NORTH CHICAGO, Ill., May 29, 2020 /PRNewswire/ -- AbbVie (NYSE: ABBV), in cooperation with Neurocrine Biosciences, Inc. (Nasdaq: NBIX), announced that the U.S. Food and Drug Administration (FDA) approved ORIAHNN™ (elagolix, estradiol, and norethindrone acetate capsules; elagolix capsules), with a treatment duration of up to 24 months.2 ORIAHNN is the first FDA-approved non-surgical, oral medication option for the management of heavy menstrual bleeding associated with uterine fibroids in pre-menopausal women.2 ORIAHNN is expected to be available in the U.S. by the end of June 2020.

"Women who experience heavy menstrual bleeding as a symptom not only deal with the physical toll of uterine fibroids, but also the burdens surrounding its management while trying to get through with their day-to-day routines," said Ayman Al-Hendy, M.D., Ph.D., investigator for the ELARIS UF-2 clinical trials, and professor of gynecology and director of translational research at the University of Illinois at Chicago. "This approval provides women with a non-surgical option to help address unresolved heavy menstrual bleeding in an impactful way."

Uterine fibroids, also called leiomyomas, are estrogen and progesterone-dependent non-cancerous tumors of the uterus and are the most common type of benign tumor in women of reproductive age, affecting up to 70 percent of Caucasian women and up to 80 percent of African American women by age 50.1,3,4,5,6,7 Traditionally, uterine fibroids have been primarily managed by surgery and are the leading reason for the hysterectomies performed in the U.S.1,3,5,8 

"It is always deeply rewarding when the years of development our researchers and scientists dedicate to creating a new way to treat patients is successful," said Michael Severino, M.D., vice chairman and president, AbbVie. "ORIAHNN signifies an important advance in how we can care for women with uterine fibroids."

In the two, randomized Phase 3 uterine fibroid clinical trials, ELARIS UF-I and ELARIS UF-II, ORIAHNN achieved the primary endpoint of clinically meaningful reduction in bleeding (defined as the proportion of women who achieved both at least a 50 percent reduction in menstrual blood loss at final month of treatment and a total menstrual blood loss amount of less than 80 ml), compared with placebo in final month of study for patients, with seven out of 10 women no longer experiencing heavy menstrual bleeding versus one out of 10 women on placebo (P<0.001 for both trials).9 ORIAHNN also reduced heavy menstrual bleeding due to uterine fibroids by 50 percent within the first month of use.9 The results from these studies were recently published in The New England Journal of Medicine.

ORIAHNN may increase your chances of heart attack, stroke, or blood clots, especially if you are a smoker over 35 years of age with high blood pressure.2 Please see the important safety information below for more information.
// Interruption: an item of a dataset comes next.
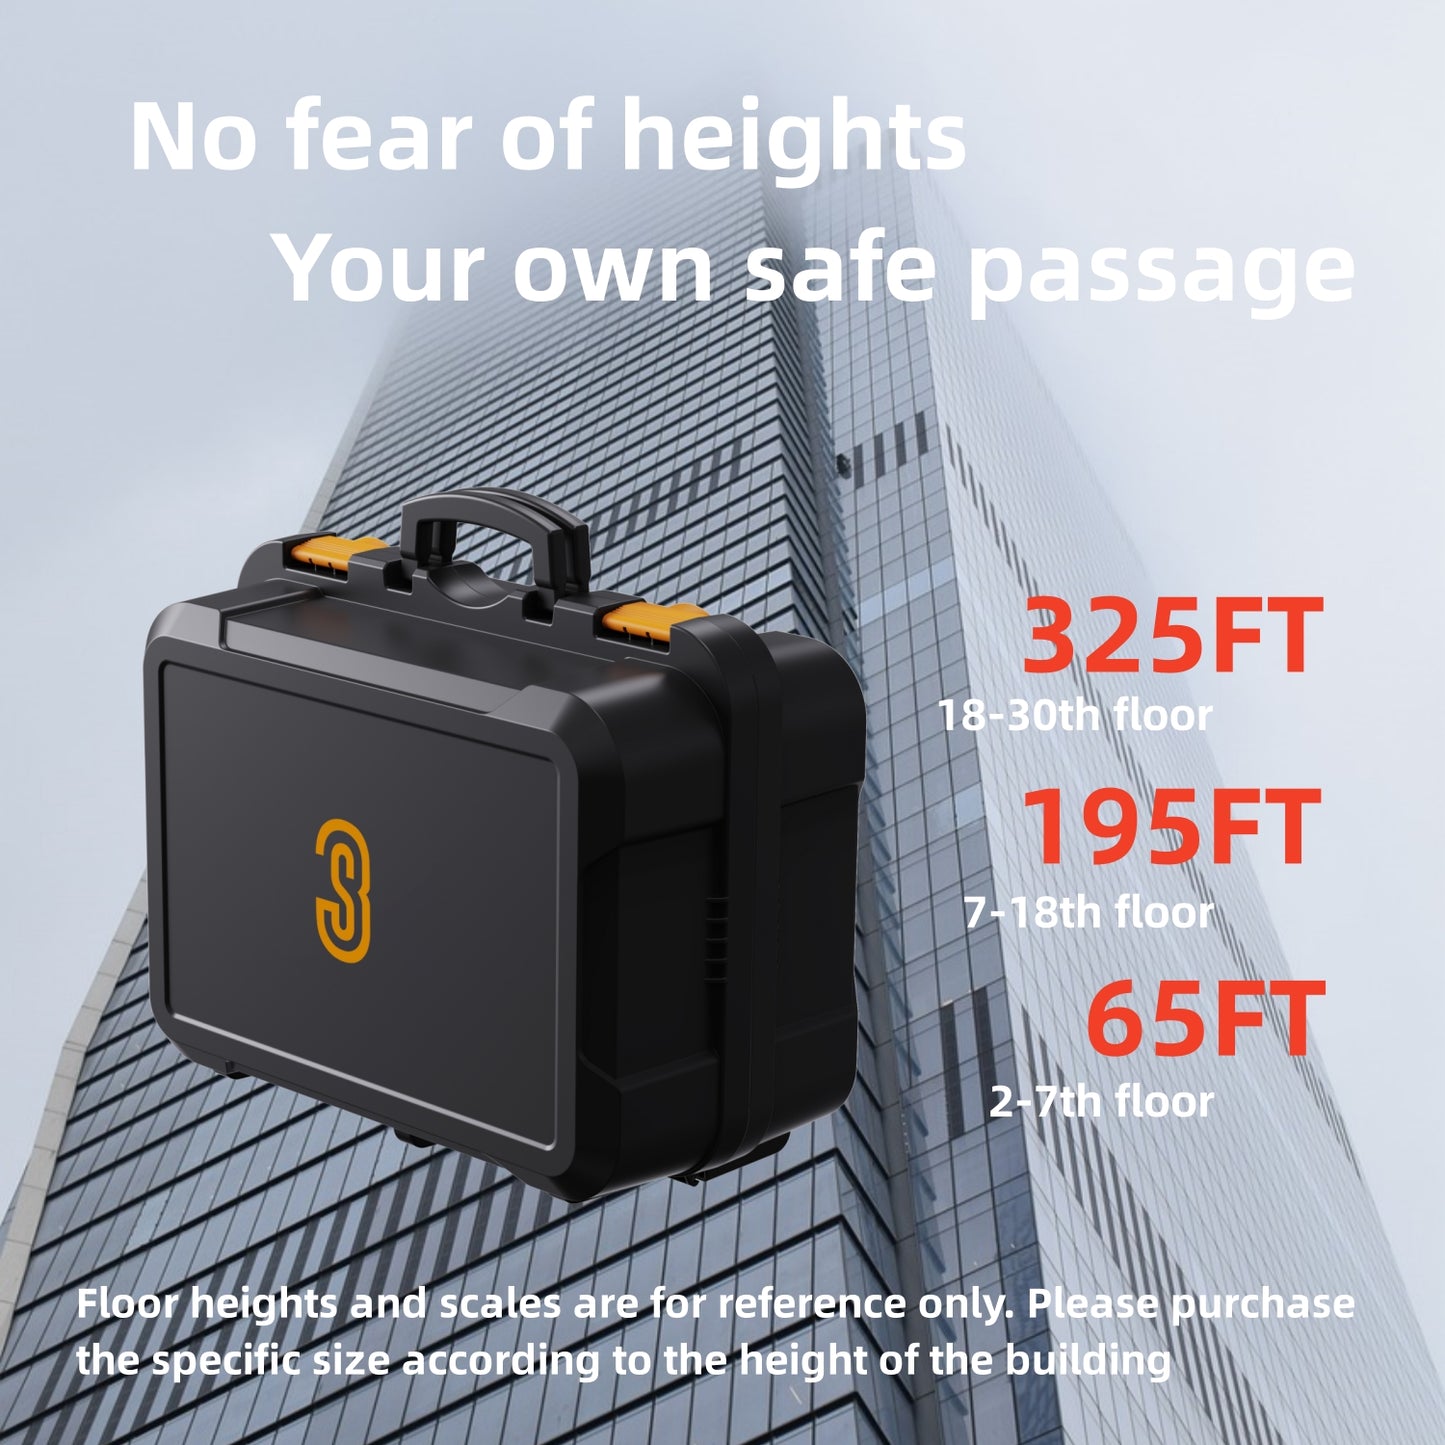 3S LIFT Rescue Unit, Evacuation and Rescue Unit, Suitable for 2-4 people to escape in case of a fire in the whole family, Medium and high-rise living in the home must have 195FT

ORIAHNN is taken twice daily (morning and evening) at approximately the same time each day, with or without food. Use of ORIAHNN should be limited to 24 months due to the risk of continued bone loss, which may not be reversible.2

"We have heard from women with fibroids across the country who have been hopeful for a treatment with the potential to address their bleeding effectively," said Jenny Rosenberg, executive director of CARE About Fibroids. "The FDA's approval of an oral treatment for women suffering from heavy menstrual bleeding due to uterine fibroids marks a step forward in women's health."10

About Uterine Fibroids
Uterine fibroids (also called leiomyomas or myomas) are non-cancerous, hormonally-responsive muscle tissue tumors of the uterus.1,3 Fibroids are the most common type of abnormal growth in a woman's pelvis and can affect up to 70 percent of Caucasian women and up to 80 of African American women by age 50.1,3,4,5,6,7 Fibroids can range in size, shape, number and location.5 Fibroids can be asymptomatic but, in some women, they can cause symptoms such as heavy menstrual bleeding.3,4,5 Treatment options for uterine fibroids include surgery (hysterectomy, myomectomy), endometrial ablation, uterine artery embolization, magnetic resonance imaging (MRI)-guided focused ultrasound and medical management with treatments such as oral contraceptives, progestins, selective progesterone receptor modulators, and gonadotropin-releasing hormone (GnRH) agonists and antagonists.1,9

About ORIAHNNTM (elagolix, estradiol, and norethindrone acetate capsules; elagolix capsules)
ORIAHNN is approved by the U.S. Food and Drug Administration (FDA) as an oral medication for the management of heavy menstrual bleeding due to uterine fibroids in pre-menopausal women.2 ORIAHNN is an oral combination of elagolix and E2/NETA (estradiol/norethindrone acetate) to help achieve a balance between the reduction of heavy bleeding and associated hypoestrogenic side effects.2

The full U.S. prescribing information, including the medication guide, for ORIAHNN can be found on rxabbvie.com.

USE

ORIAHNN™ (elagolix, estradiol, and norethindrone acetate capsules; elagolix capsules) is a prescription medicine used to control heavy menstrual bleeding related to uterine fibroids in women before menopause. It should not be taken for more than 24 months. It is not known if ORIAHNN is safe and effective in children under 18 years of age.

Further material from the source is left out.